I received an incra miter sled for Christmas. Put it together last night. The sled isn't PERFECTLY flat on the saw table, so it won't be perfect 90 degrees to the saw blade. With a digital angle gauge I see the sled lays about 0.3 degrees off of horizontal.

Do you guys that use incra miter sleds adjust your blade to make it vertical to the sled to account for that when you use the sled? Seems like a nuisance to adjust the blade each time to use the sled then adjust it back so the blade is perfect vertical to the table when not using the sled. i'm relatively new to woodoworking, so who knows, that may be standard operating procedure. Or, there may be some step I missed in set up. Any insight appreciated.

Thanks.


----------



## PurpLev (May 30, 2008)

why isn't the sled perfectly flat?

it should be… I would investigate if it's a defective product (sled base is malformed, or the bottom of the sled might have something pushing it up at an angle perhaps)

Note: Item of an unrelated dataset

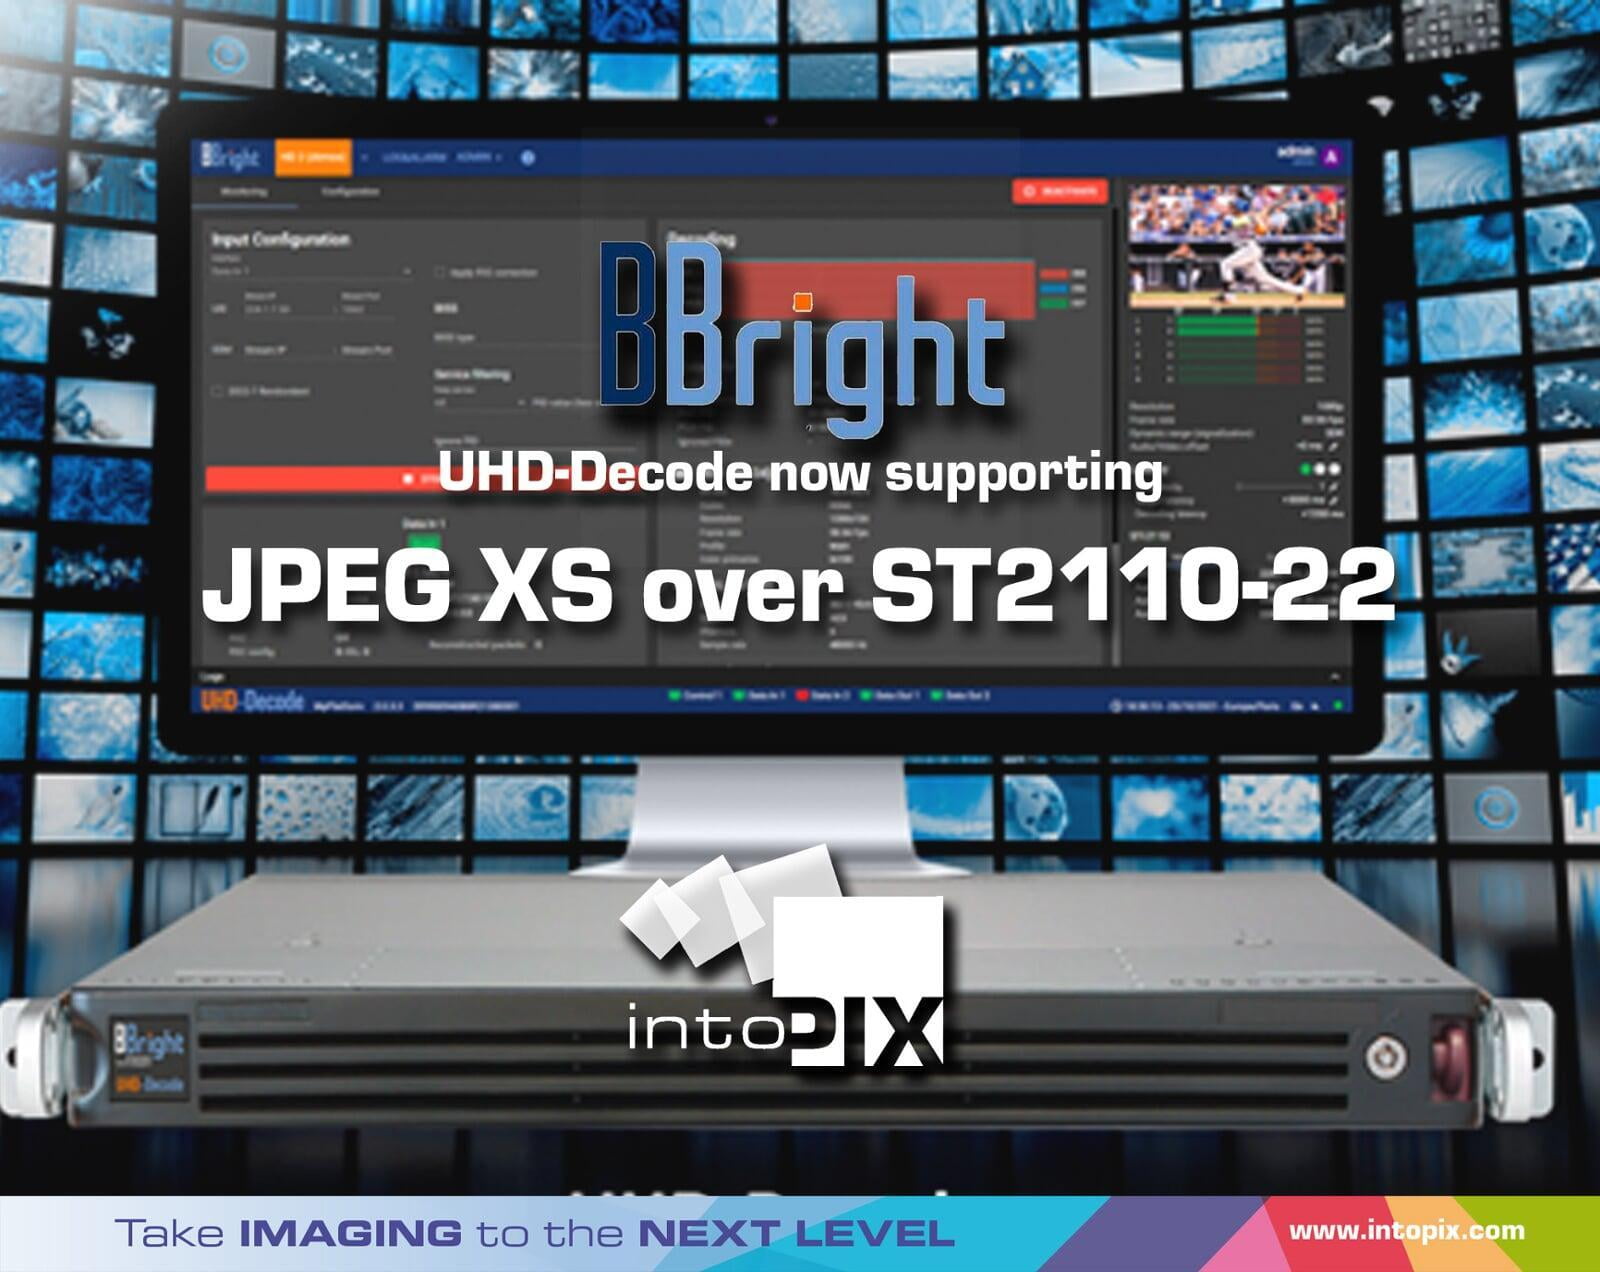 BBright UHD Media Gateway integrates intoPIX JPEG XS technology 
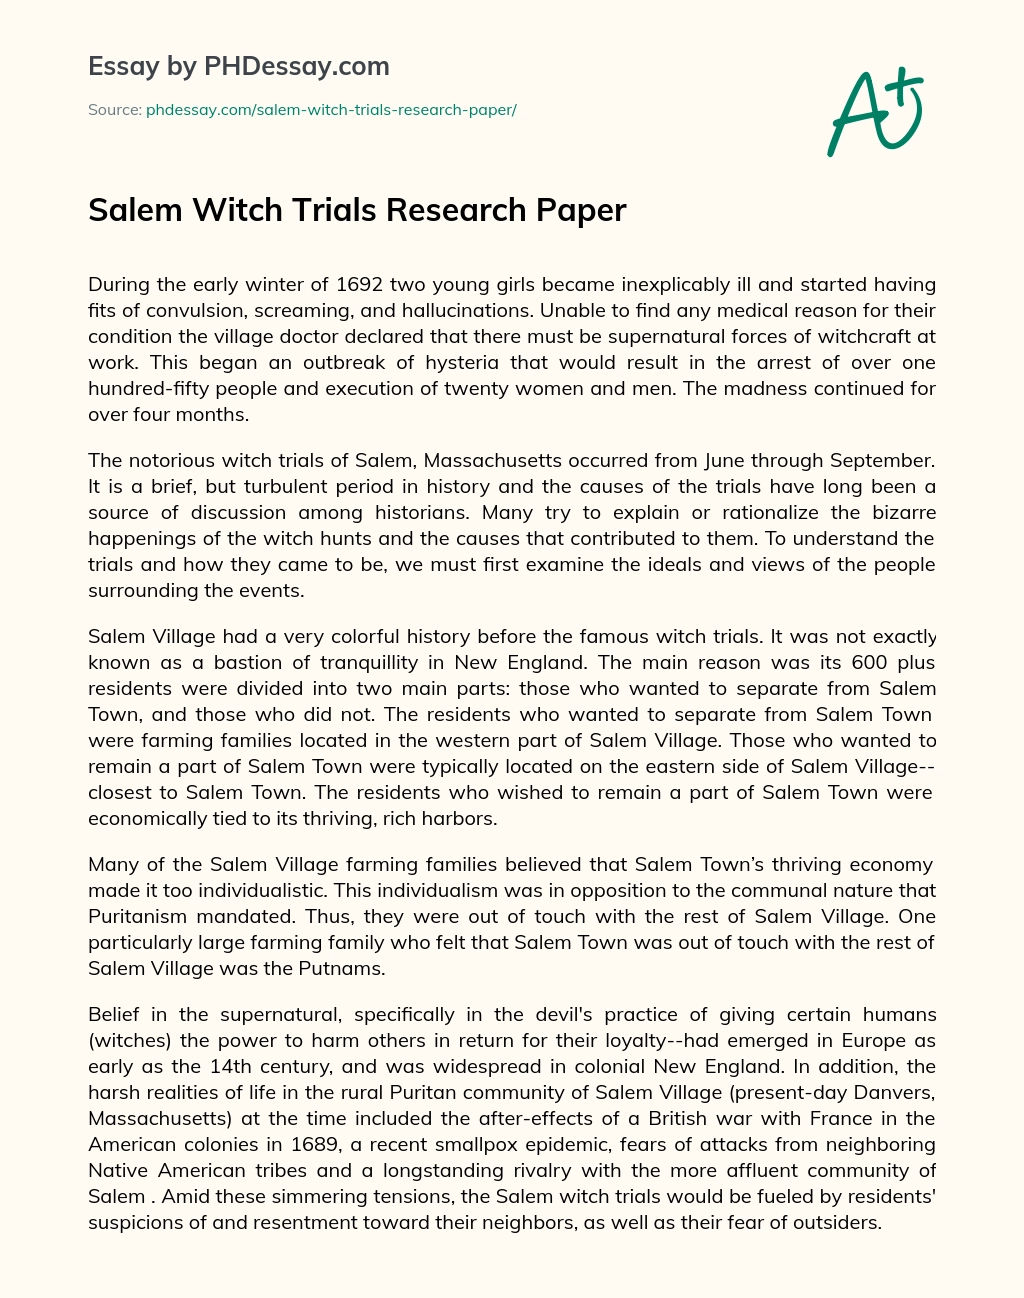 Salem Witch Trials Research Paper essay

that said, blade should always be 90 to your cutting reference plane. if it's the TS table, or if it's a sled, and if it isn't than you need to adjust it to make it so - that's why the TS blade has tilt adjustment.


----------



## DAC (Dec 7, 2012)

i also have a defective sled. cutting inot a board at 4.5 inches it is 1/16 " off. Also the T-slot tab for the end of the miter will not fit as they did not mill enough material away. Incra is aware of this and said it would take 2-3 weeks to get me a part to correct this issue. I am also using their 1000SE miter and it is dead on so i know it is the sled. My cheapo sled from Rockler is more accurate then Incra. They are slipping in quality. I believe that corporate culture is now more important than the customer to them.


----------



## DAC (Dec 7, 2012)

it looks like Incra is going to take care of my problem with their sled. I bet they had a nice long talk to quality control about this issue. Reputation. Years to build and seconds to destroy. Incra is rebuilding their reputation with me and that says ALOT.


----------



## MAKZ06 (Jun 17, 2013)

I've been enjoying this site for quite a while. I guess I had to stop lurking and post sooner or later…
I purchased the Incra 5000 sled a couple weeks ago and mine has what sounds like the same problem. The right panel is not parallel and in-line with the main panel/sled base. I don't know if it is a problem with the milling on the panel where its attached to the T-slot panel connector or with the T-slot panel connector itself, but the right panel angles down toward the table slightly. I have tried changing the torque on the attaching screws. I also have confirmed my PM2000 table and wings are flat with no warp. If my blade is adjusted to a perfect 90 deg with the table top, it is also perfect at 90 deg with the main part of the panel. However, it is off by .3 deg with the short section of right panel (not the drop-off panel which is also at 90 deg.) This reading is from a Wixie angle gauge. If I use a straight-edge or a large drafting triangle, the blade is perfectly 90 deg to the main panel but will leave not quite a 1/16" gap right next to the blade. Enough to notice tear-out in addition to not having an accurate 90 deg cut if I am cutting short pieces that aren't clamped down to the main section. I can confirm the same downward angle of the right panel when the sled is not positioned on the table. I thought about trying to shim the right panel to get it in line but am not sure that will work without raising the main panel and it's not something that should have to be done for a $300 product…
I've emailed Incra about the problem and will follow-up with what I hear from them.


----------



## knotheadswoodshed (Jun 14, 2012)

I have had mine for about 4 years, no problems, hope they arent losing focus on quality now.


----------



## MAKZ06 (Jun 17, 2013)

I got a response back within a few hour of my email to them. He said that the source of my problem was probably the rabbet cut into the panels or the T-slot panel connector (or possibly a combination of both). What he said makes sense and he told me how to determine what the cause of the problem was. Said they would replace components as necessary. I'll check this weekend when I get back up to my shop and then report back as to how it all turns out.


----------



## cbehnke (Mar 28, 2011)

IMAKZ06, glad to hear you got a fast response from Incra. I finally got around to sending them an email today. I know, it's 6 months after I bought it, but I just haven't had time in the shop and now I'm getting back in there to work.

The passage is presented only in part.